- What the task asks: The entries below contain a line with "Les touristes profiter" and a line with "27 Mart 2023". Quote exactly those two lines and all lines between them.

- Exercise data:

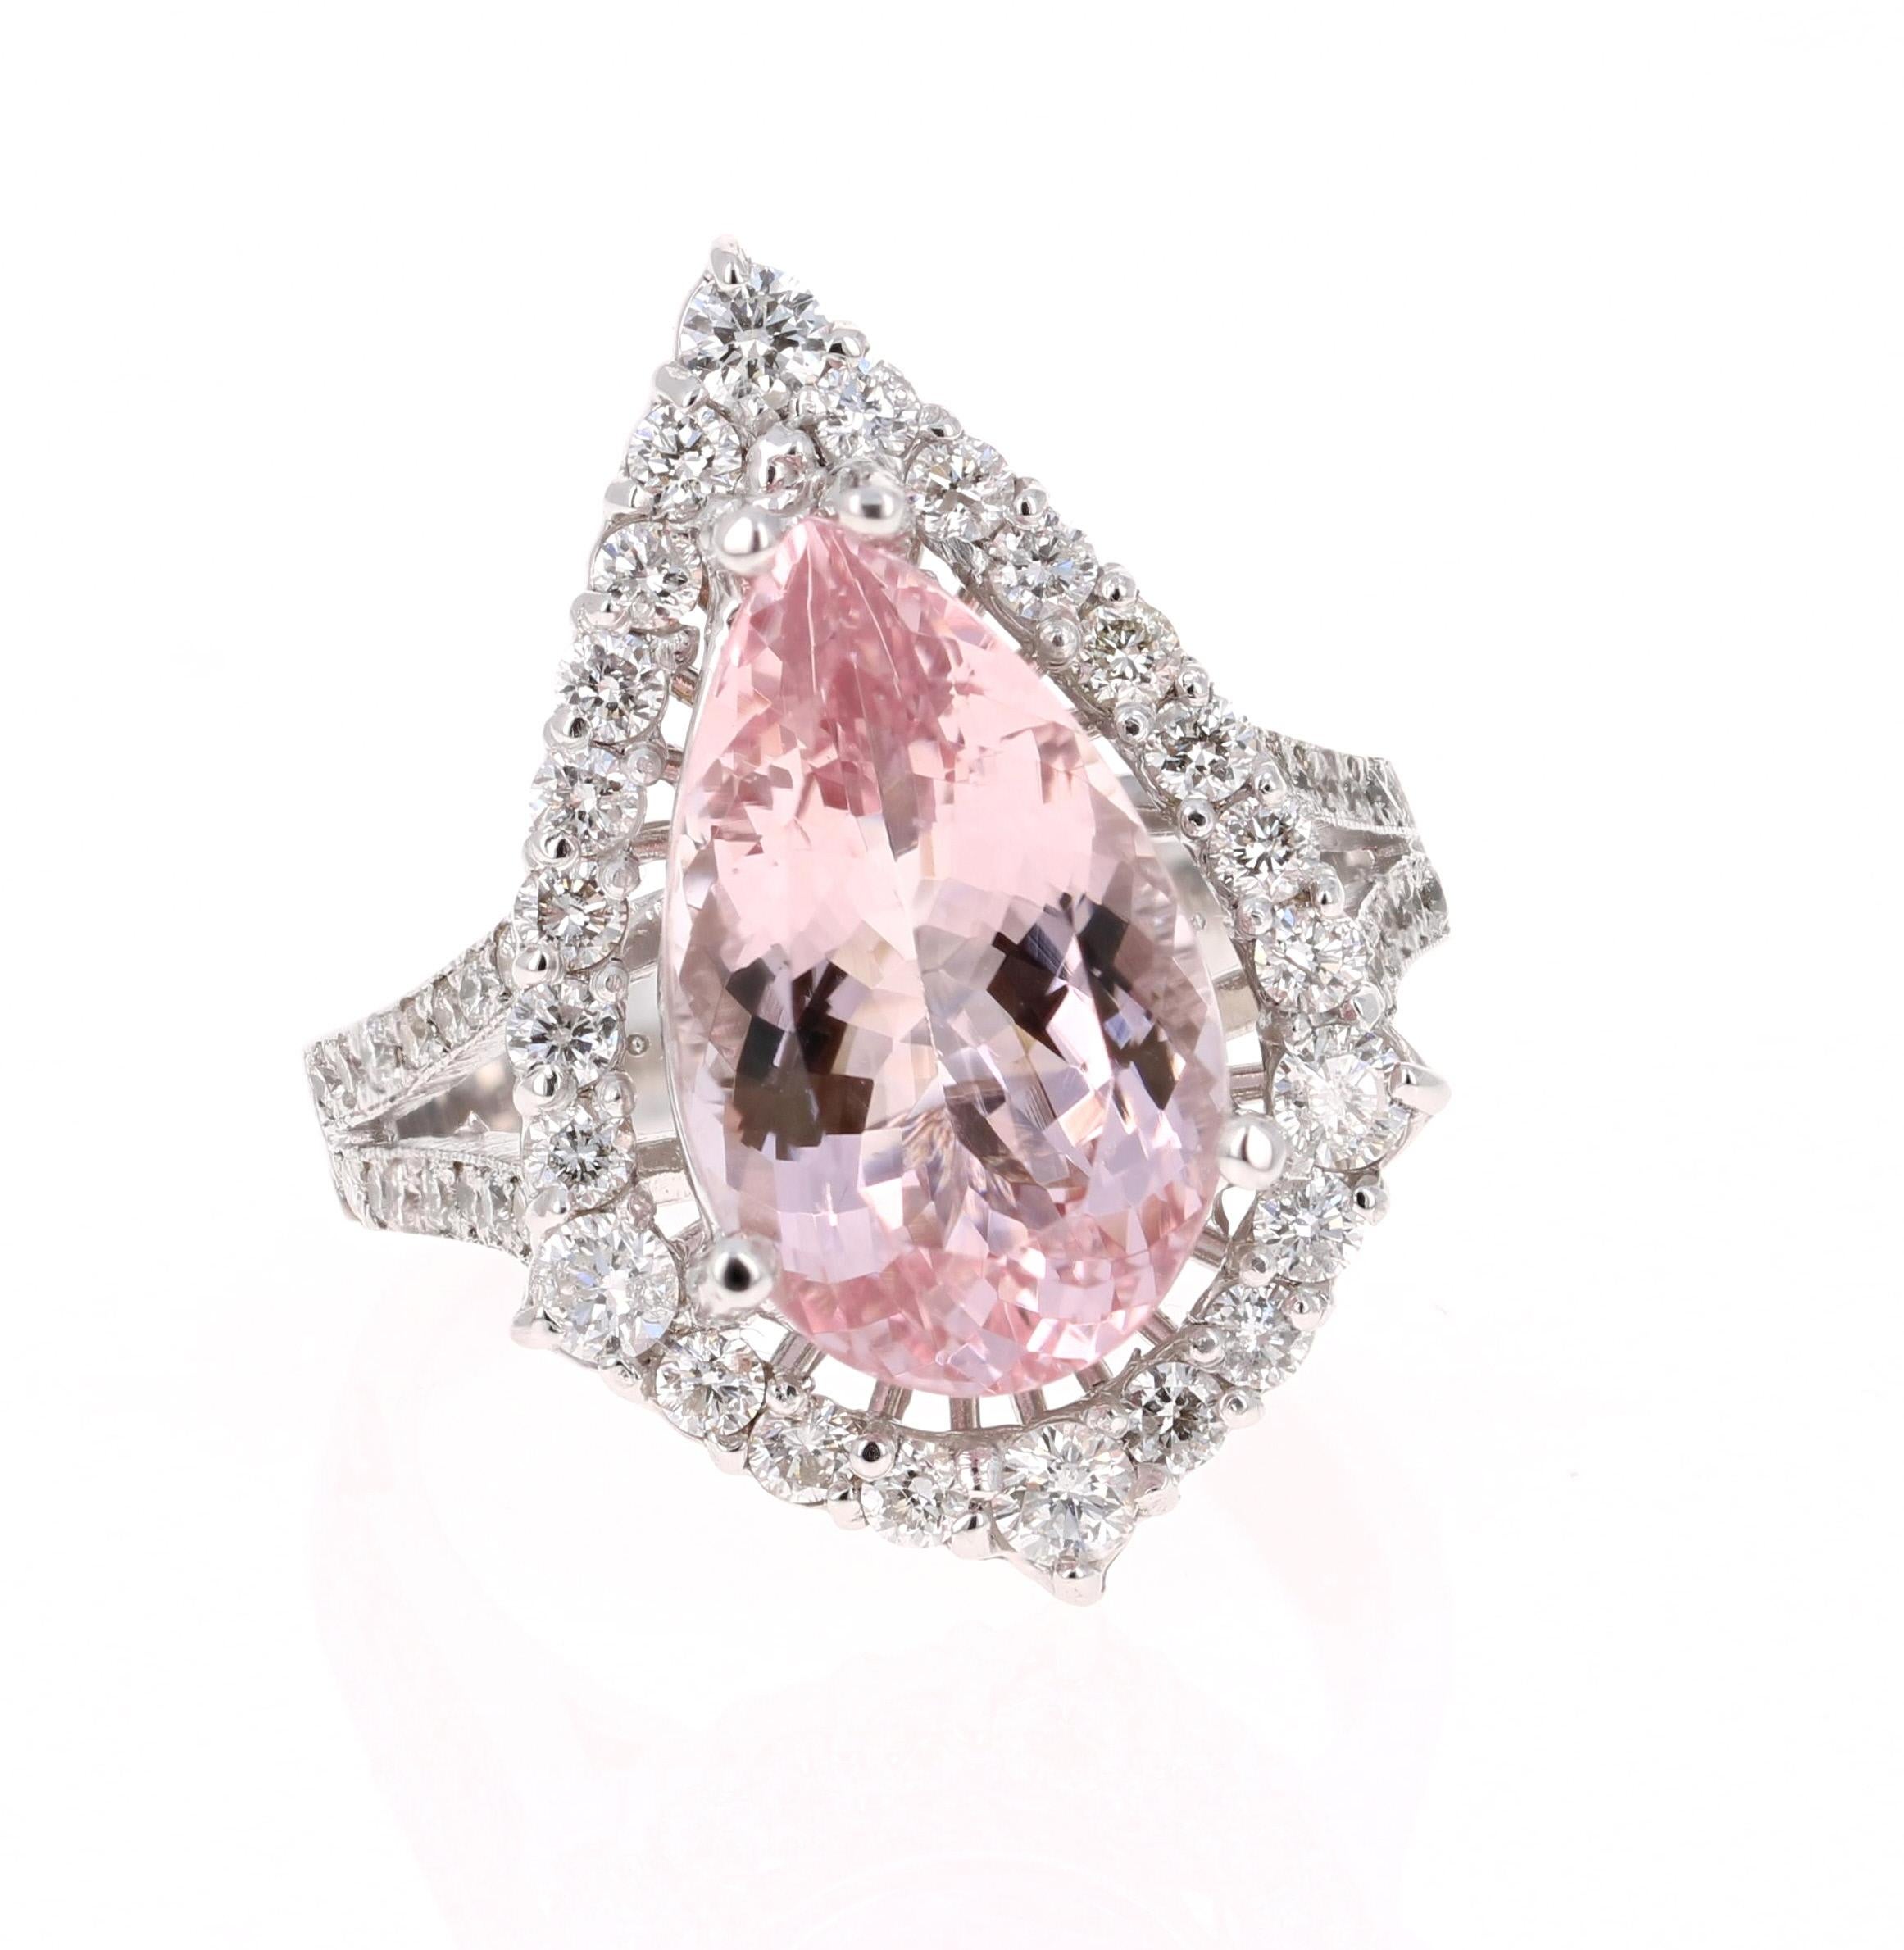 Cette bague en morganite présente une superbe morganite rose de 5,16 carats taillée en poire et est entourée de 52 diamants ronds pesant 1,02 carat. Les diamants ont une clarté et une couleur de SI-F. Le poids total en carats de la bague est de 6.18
---
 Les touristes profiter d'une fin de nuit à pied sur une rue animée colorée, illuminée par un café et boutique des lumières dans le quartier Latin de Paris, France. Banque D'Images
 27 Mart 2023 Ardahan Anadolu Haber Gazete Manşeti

- Written reply:
 Les touristes profiter d'une fin de nuit à pied sur une rue animée colorée, illuminée par un café et boutique des lumières dans le quartier Latin de Paris, France. Banque D'Images
 27 Mart 2023 Ardahan Anadolu Haber Gazete Manşeti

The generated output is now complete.